How Much Water to Store
The general recommendation most often given for how much water to store is 1 gallon per day, per person. So, a family of four would need 12 gallons of water for a 3-day period (1 gallon X 4 people X 3 days). In my opinion, this is an absolute minimum recommendation.
A better recommendation would be 1 gallon of potable water (that is, water safe for drinking, brushing teeth, cleaning wounds, food prep, and cooking) per day per person, PLUS additional water for flushing toilets, general household cleaning, and bathing (external only; brush teeth & clean wounds with potable water). PLUS, don't forget additional water for pets and livestock.
Also, I would recommend storing enough water for 2 weeks (14 days), rather than just 3 days. This recommendation would be 56 gallons of potable water for a family of four (1 gallon X 4 people X 14 days), plus additional water for non-potable uses, pets, and livestock. How much additional water will depend on your situation, so use commonsense and your best estimates to come up with your target amount.
NOTE: This is a minimum recommendation. More is always better.
Water for Washing Pots, Pans, and Dishes
Do you need potable water to wash pots, pans, and dishes? There is some disagreement on this issue. The following is my opinion, and what I do.
There is an adage "Germs dry. Germs die." I have no problem washing cookware, dishes, and utensils with regular (non-potable) water, as long as they are allowed to dry thoroughly before their next use. I've never gotten sick from doing this, and know of no one else who has. Many folks agree with me. Others don't. Decide for yourself. If you insist on washing dishes only with potable water, you will have to add more potable water to your storage to account for this use.
Containers to NOT Use for Water Storage
- Milk Jugs - not designed for long-term storage and will eventually leak; difficult to completely wash out the fats & proteins from the milk which may promote bacterial growth; plastic is of a type that may leach chemicals into the water over time.
- Crystal Glass and Antique Glass Containers - the glass may contain lead.
- Bleach Bottles - bleach bottles are treated with a chemical agent that may leach into water over time.
- Ozark Trail 6-gal water jugs - I've written about this before, but the giant X stamped into the sides is a major design flaw that will eventually spring leaks 100% of the time: read my warning article for details.
- Containers that previously held toxic substances - impossible to clean thoroughly enough to be made safe.

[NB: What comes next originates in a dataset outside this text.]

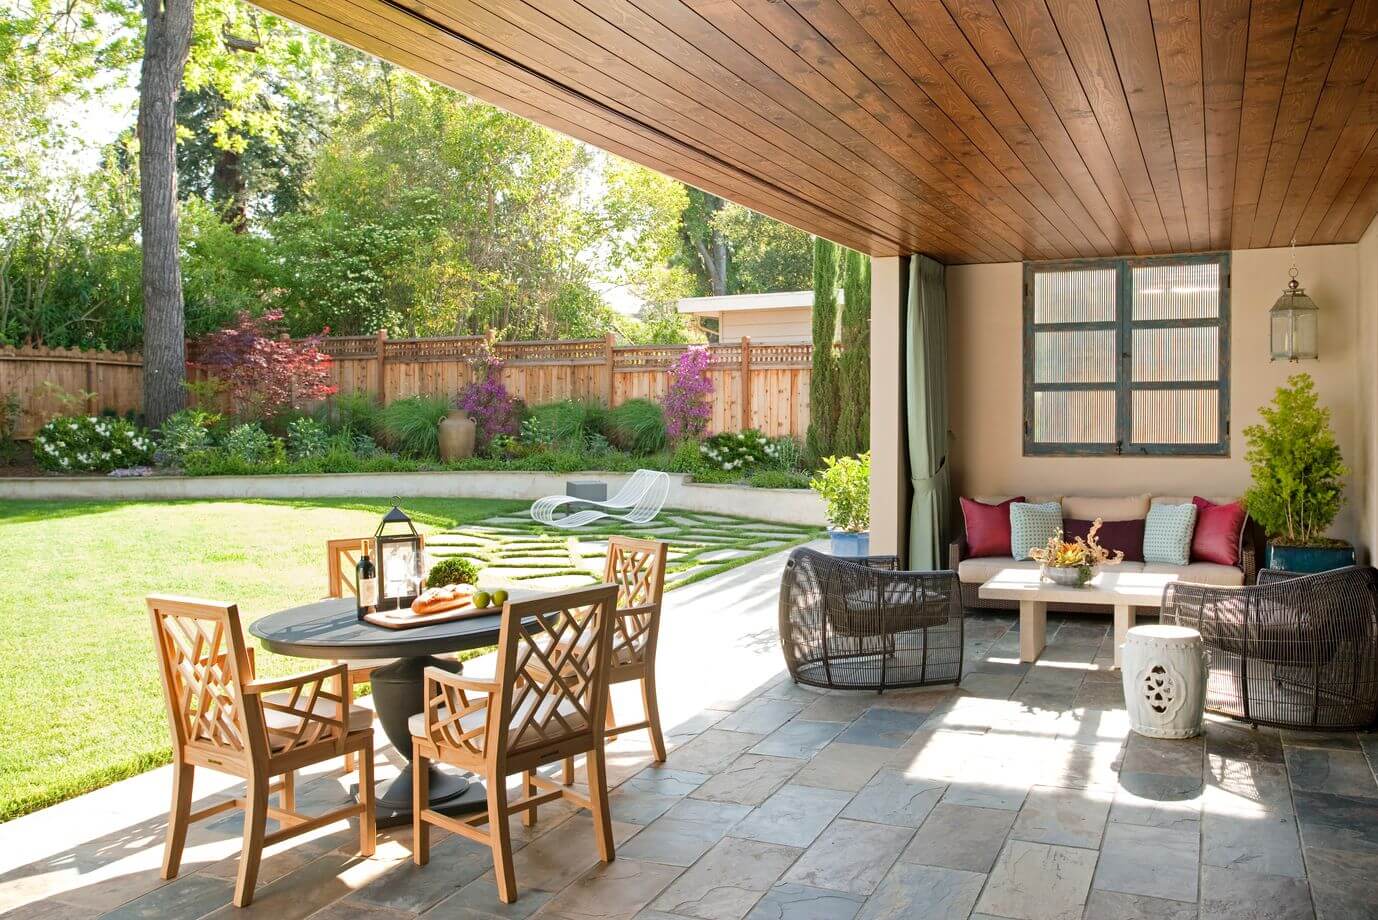 Make an Outdoor Room to revamp home

Containers to Use for Water Storage
- Water Tanks designed for the purpose of water storage - many types and sizes available on Amazon.
- Water Containers designed for water storage - I use AquaTainers, and have never had one leak (they are also BPA-free).
- Food Grade plastic and glass bottles - used bottles with tight-fitting screw-on tops that once contained water, juice, soda, or wine can be cleaned and repurposed for water storage; I use 1-gallon table wine bottles. Keep see-trough bottles in a dark room or closet, or otherwise covered to protect from light, to prevent growth of bacteria, algae, or mold.
Are Plastic Bottles and Containers Safe for Water Storage?
Plastic can leach into water over the long-term, but not all plastic leaches equally. Stick to food grade and BPA-free plastics for your long-term storage. Remember this: You will die of dehydration (in days) long before you'll die from plastic toxicity (after years of consumption, if ever). In a true long-term emergency situation, plastic water containers will be the very least of your problems.
How Long Will Water Store?
Non-potable water stores indefinitely, without need for rotation.
Potable water, assuming it is properly stored, also stores indefinitely, without need for rotation. However, potable water will begin to taste "flat" after about six months or so. It is still safe to drink, and the taste can be improved by introducing air into it (think bubbles). Of course, if you notice algae or mold in the water, do not use it without treating first.
- Clean and thoroughly dry all bottles, tanks, and containers - both used and new - before filling with water for long-term storage.
- If your tap water is already safe for drinking, it should also be safe for long-term storage without additional treatment.
- Unsure of your water? Have it tested first, then treat if necessary.
- Want some extra insurance? Add 2-4 drops of unscented bleach per quart of water.
- Store your long-term water away from direct sunlight and heat, and away from gasoline, kerosene, pesticides, and other chemicals (both to prevent contamination and to prevent possible degradation of plastic containers).